Scientific classification
- Kingdom: Animalia
- Phylum: Chordata
- Class: Aves
- Order: Passeriformes
- Family: Hirundinidae
- Genus: Riparia
- Species: R. riparia
- Binomial name: Riparia riparia (Linnaeus, 1758)
- Subspecies: Four; see text
- Synonyms: Hirundo riparia Linnaeus, 1758; Cotile riparia (Linnaeus);

= Sand martin =

- Genus: Riparia
- Species: riparia
- Authority: (Linnaeus, 1758)
- Conservation status: LC
- Synonyms: Hirundo riparia Linnaeus, 1758, Cotile riparia (Linnaeus)

Species of bird

The sand martin (Riparia riparia), also known as the collared sand martin or common sand martin, and in the Americas as the bank swallow, is a migratory passerine bird in the swallow family Hirundinidae. It has a wide range in summer, embracing practically the whole Holarctic area, from Europe, across Asia to the Pacific Ocean, and throughout North America. It winters in eastern and southern Africa, southern Asia, and South America.

==Taxonomy==
This species was first described by Carl Linnaeus in his 1758 10th edition of Systema Naturae, and originally named Hirundo riparia; the description consisted of the simple "H[irundo] cinerea, gula abdomineque albis" ("an ash-grey swallow, with white throat and belly") and the type locality was simply given as "Europa", subsequently refined to refer to Linnaeus's homeland of Sweden. The specific name means "of the riverbank"; it is derived from the Latin ripa "riverbank".

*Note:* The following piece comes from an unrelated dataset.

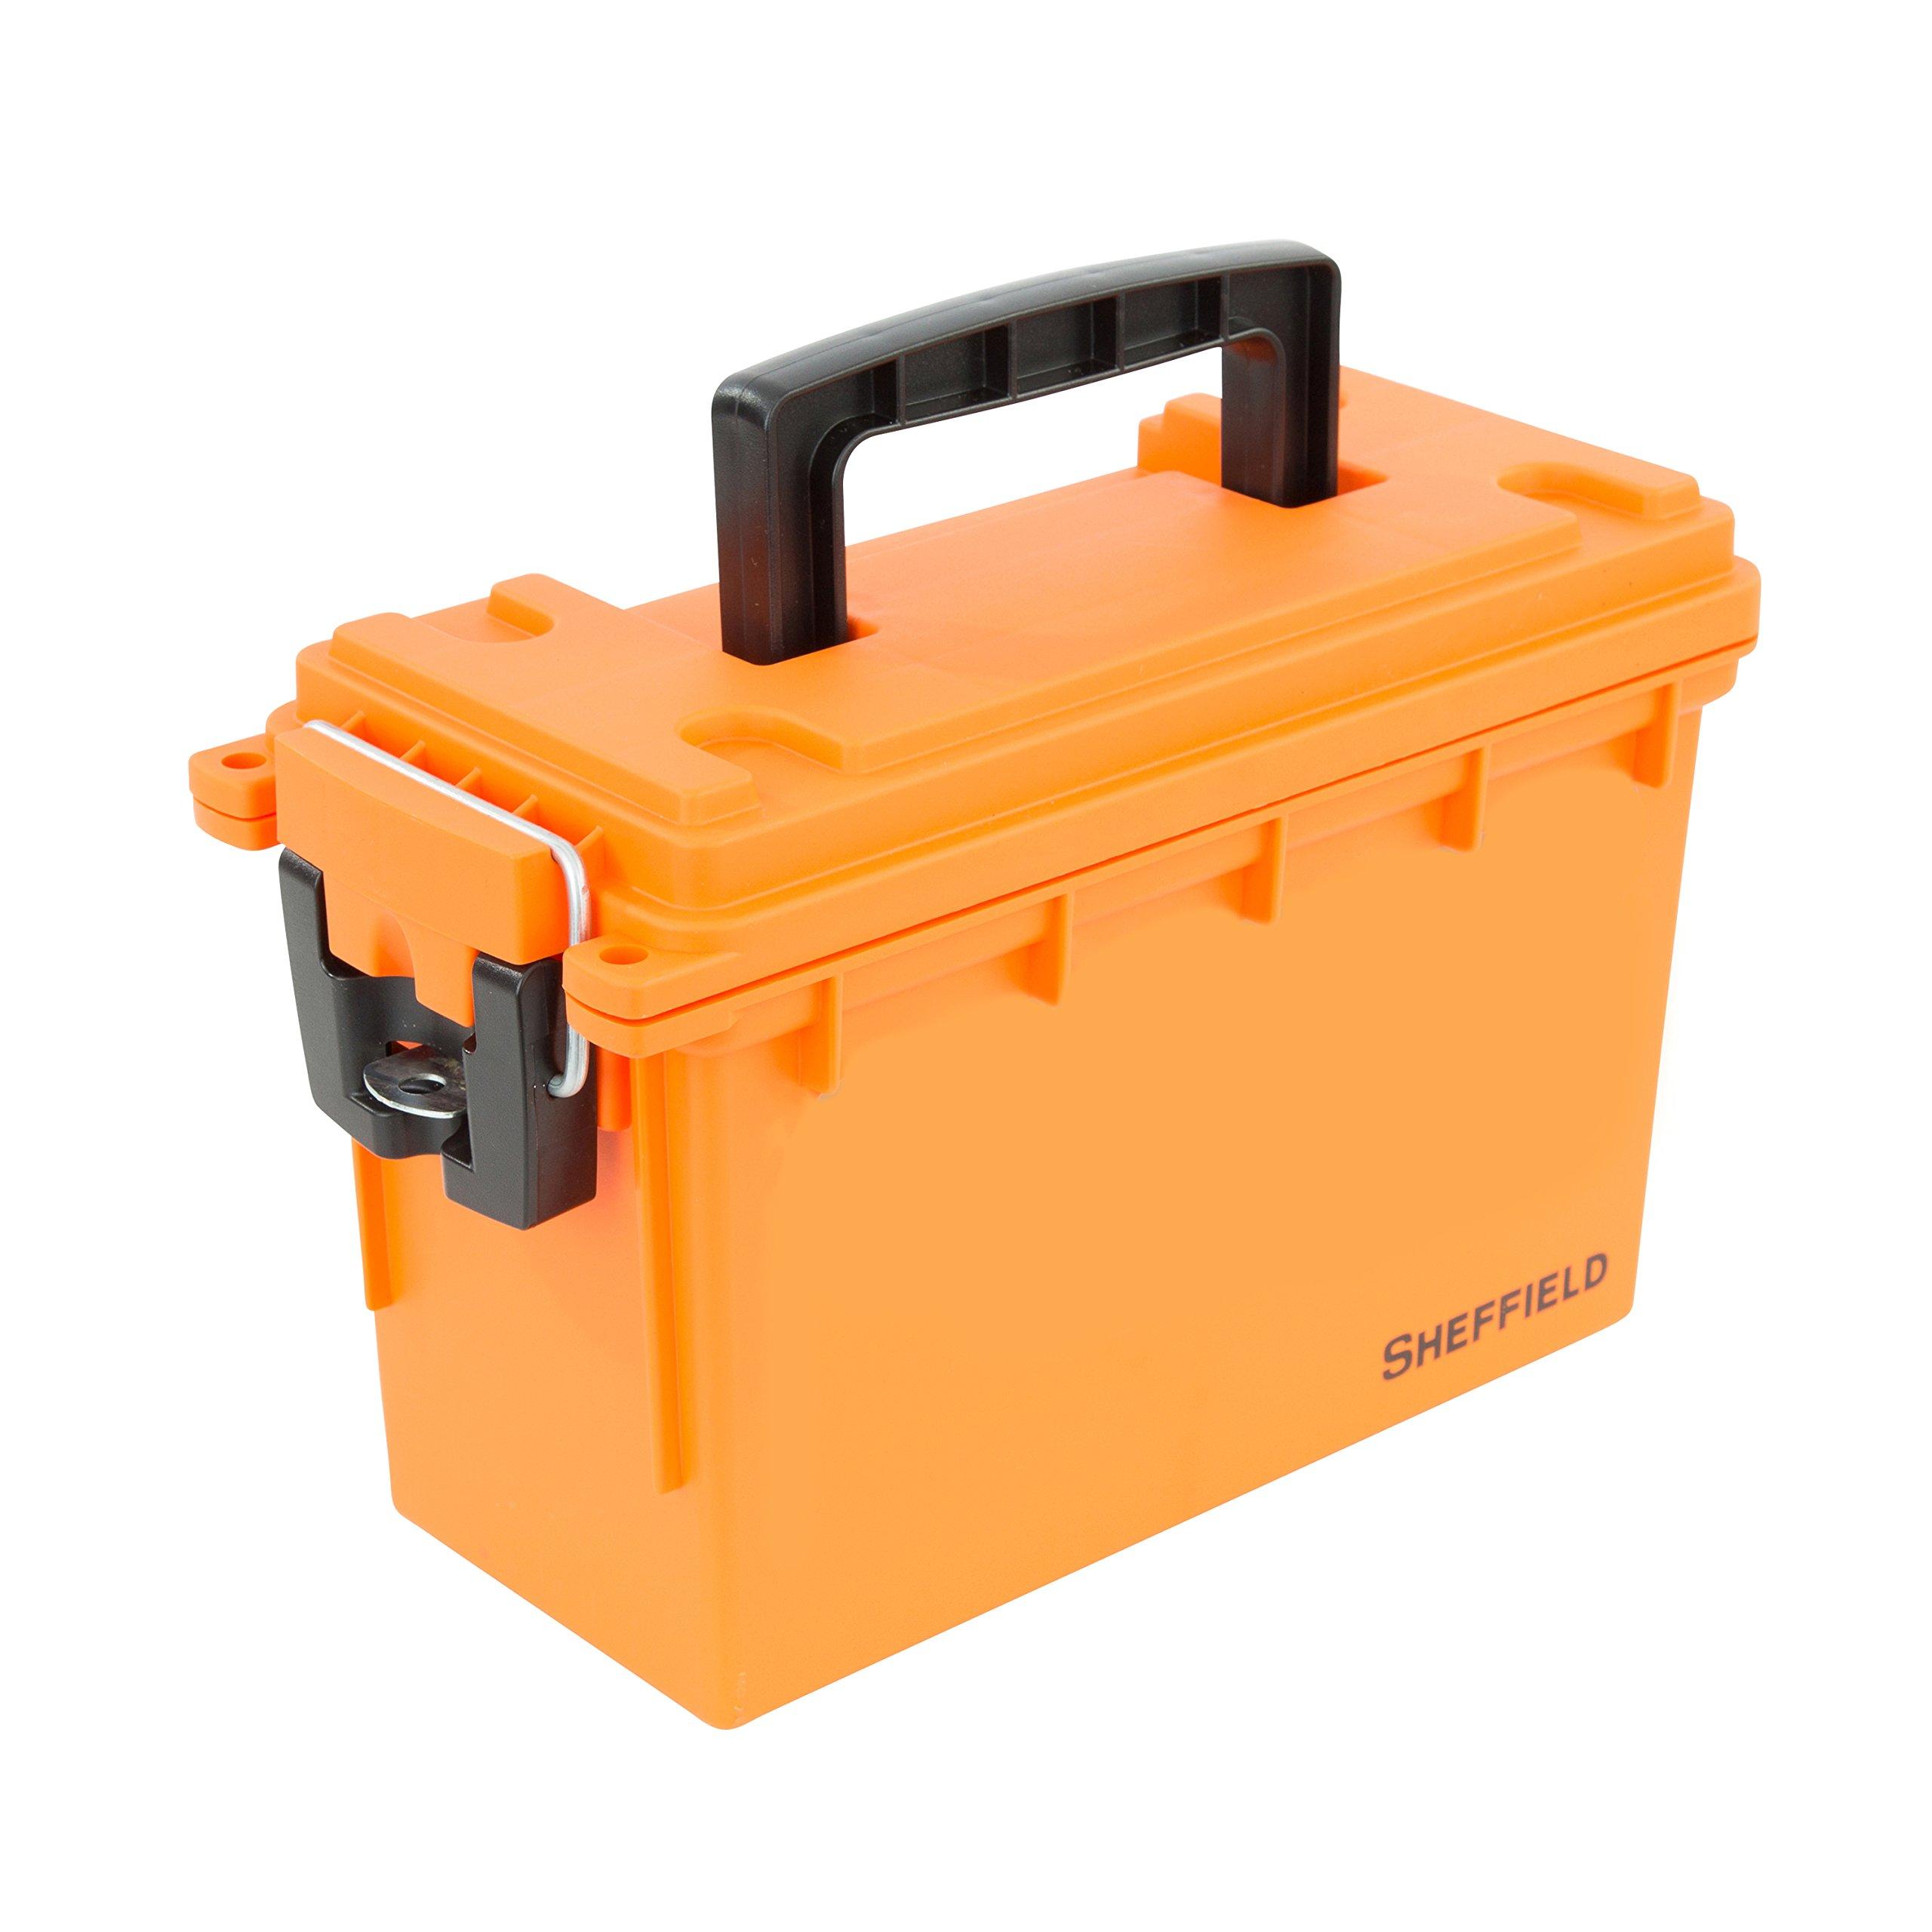 Sheffield 12630 Field Box- Orange

There are three or four weakly defined subspecies:
- R. r. riparia (syn. R. r. dolgushini, R. r. innominata, R. r. kolymensis). Breeds Europe, western Asia, North America; winters Africa, South America.
- R. r. taczanowskii. Doubtfully distinct from R. r. ijimae and often included in it. Breeds eastern mainland Asia; winters southern Asia.
- R. r. ijimae. Breeds Sakhalin, Kuril Islands, and Japan; winters southeast Asia.
- R. r. shelleyi (syn. R. r. eilata). Slightly smaller and paler than R. r. riparia. Breeds Egypt, on passage in southern Israel; wintering area not reported, presumably Africa.

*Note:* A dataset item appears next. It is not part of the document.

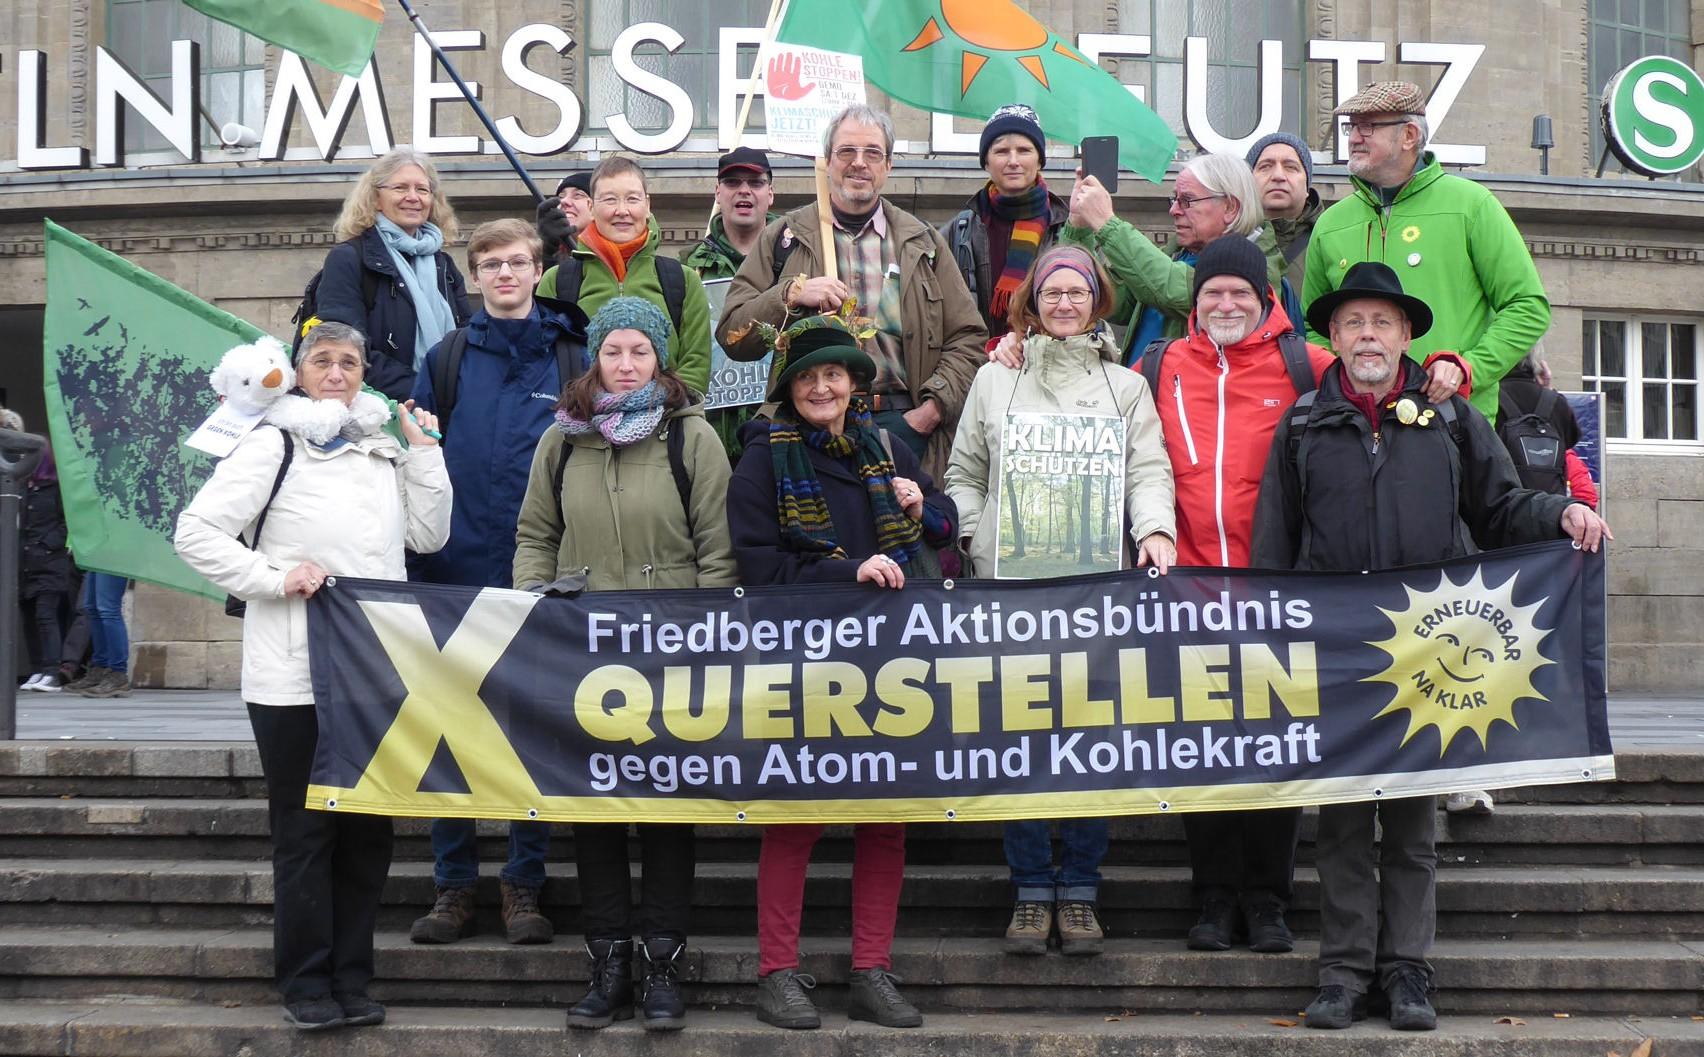 Auch Querstellen demonstriert am 1. 12. 2018 in Köln

The pale martin (Riparia diluta) of northern India and southeastern China was formerly sometimes included as another subspecies of sand martin. It is smaller, and has paler grey-brown upperparts and a less distinct breast band. It winters in Pakistan, southern India and Sri Lanka.

==Description==
The sand martin is brown above, white below with a narrow brown band on the breast; the bill is black, the legs brown. The young have rufous tips to the coverts and margins to the secondaries.

Its brown back and breast band, white throat, small size and quick jerky flight separate it from similar swallows, such as the common house martin (Delichon urbicum), the American cliff swallow (Petrochelidon pyrrhonota) and the tree swallow (Tachycineta bicolor). The other species of Riparia are more similar; the sand martin generally only occurs them in the wintering range, though there is breeding range overlap with pale martin in central Asia, with both species sharing mixed colonies without interbreeding. The banded martin (Neophedina cincta) of sub-Saharan Africa is very similar in plumage pattern, but is markedly larger, nearly double the weight.

Measurements:
- Length: 12–13 cm
- Wingspan: 26.5–29 cm
- Weight: 11–16 g (to 19.5 g before migration)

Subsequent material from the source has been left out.